Born in Philadelphia, Pennsylvania, she was five months old when her unmarried mother placed her in the Troy Orphanage, where she lived until she was 13. Brown first became interested in medicine at the age of five when she had her tonsils taken out. In 1932, Brown’s mother took her out of the orphanage, but they did not get along very well. She ran away from home and was placed as a mother's helper in Mrs. W. F. Jarrett's house, where she was encouraged to become a doctor.
After high school, she obtained a scholarship to Bennett College, receiving her Bachelor of Arts degree in 1941. In 1944, she enrolled at Meharry Medical College in Nashville, Tennessee, graduating in 1948 in the top third of her class. Brown started as an intern at Harlem Hospital in New York. With strong opposition to female surgeons, she was denied a surgical residency; but she did not let this stop her from becoming a surgeon. She went back to Meharry and got a residency there, and completed it in 1954. Dorothy Brown became the first African American female surgeon in the South.
Brown served as the educational director of the Riverside-Meharry Clinical Rotation Program and the chief of surgery at Riverside.
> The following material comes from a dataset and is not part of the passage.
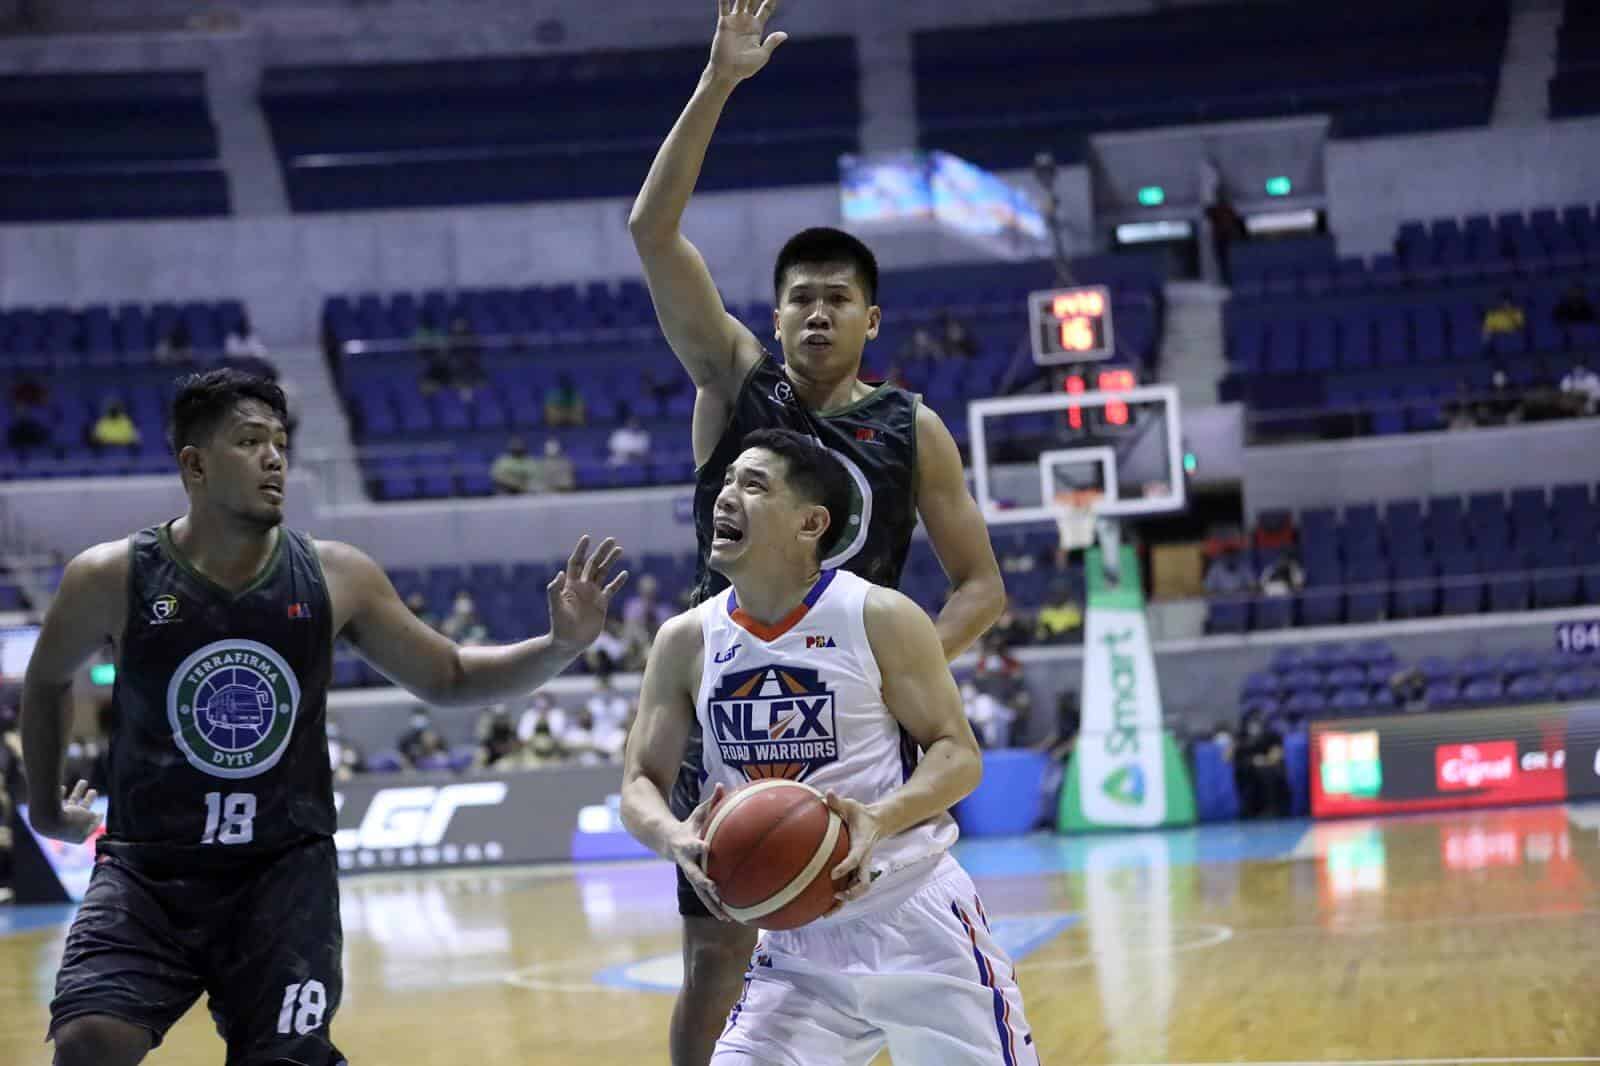 NLEX basketball players rally to stun Terrafirma with a comeback from 16-point deficit.

She then became the attending surgeon at George W. Hubbard Hospital and professor of surgery at the Meharry. In addition to her other firsts in southern medicine, she became the first single woman in Tennessee to adopt a child. Brown named her new daughter Lola Brown in honor of her foster mother.
In 1966, she became the first Black woman to be elected to the Tennessee State Legislature for a two-year term. She tried in 1968 to run for a seat in the Tennessee Senate but lost. One of the main reasons she lost the election was her support of liberalizing the abortion laws in Tennessee. She was a fellow of the American College of Surgery. She was a past member of the board of trustees at Bennett College. She was also a member of the United Methodist Church as well as Delta Sigma Theta Sorority, Inc.
Brown spoke often on scientific, religious, medical, and political panels. . She wrote many essays and inspirational guides. She has also been given honorary degrees in Humanities from Bennett College and Cumberland University. Dorothy Brown, a pioneering Black female surgeon, and Tennessee legislator died of congestive heart failure in Nashville on June 13, 2004.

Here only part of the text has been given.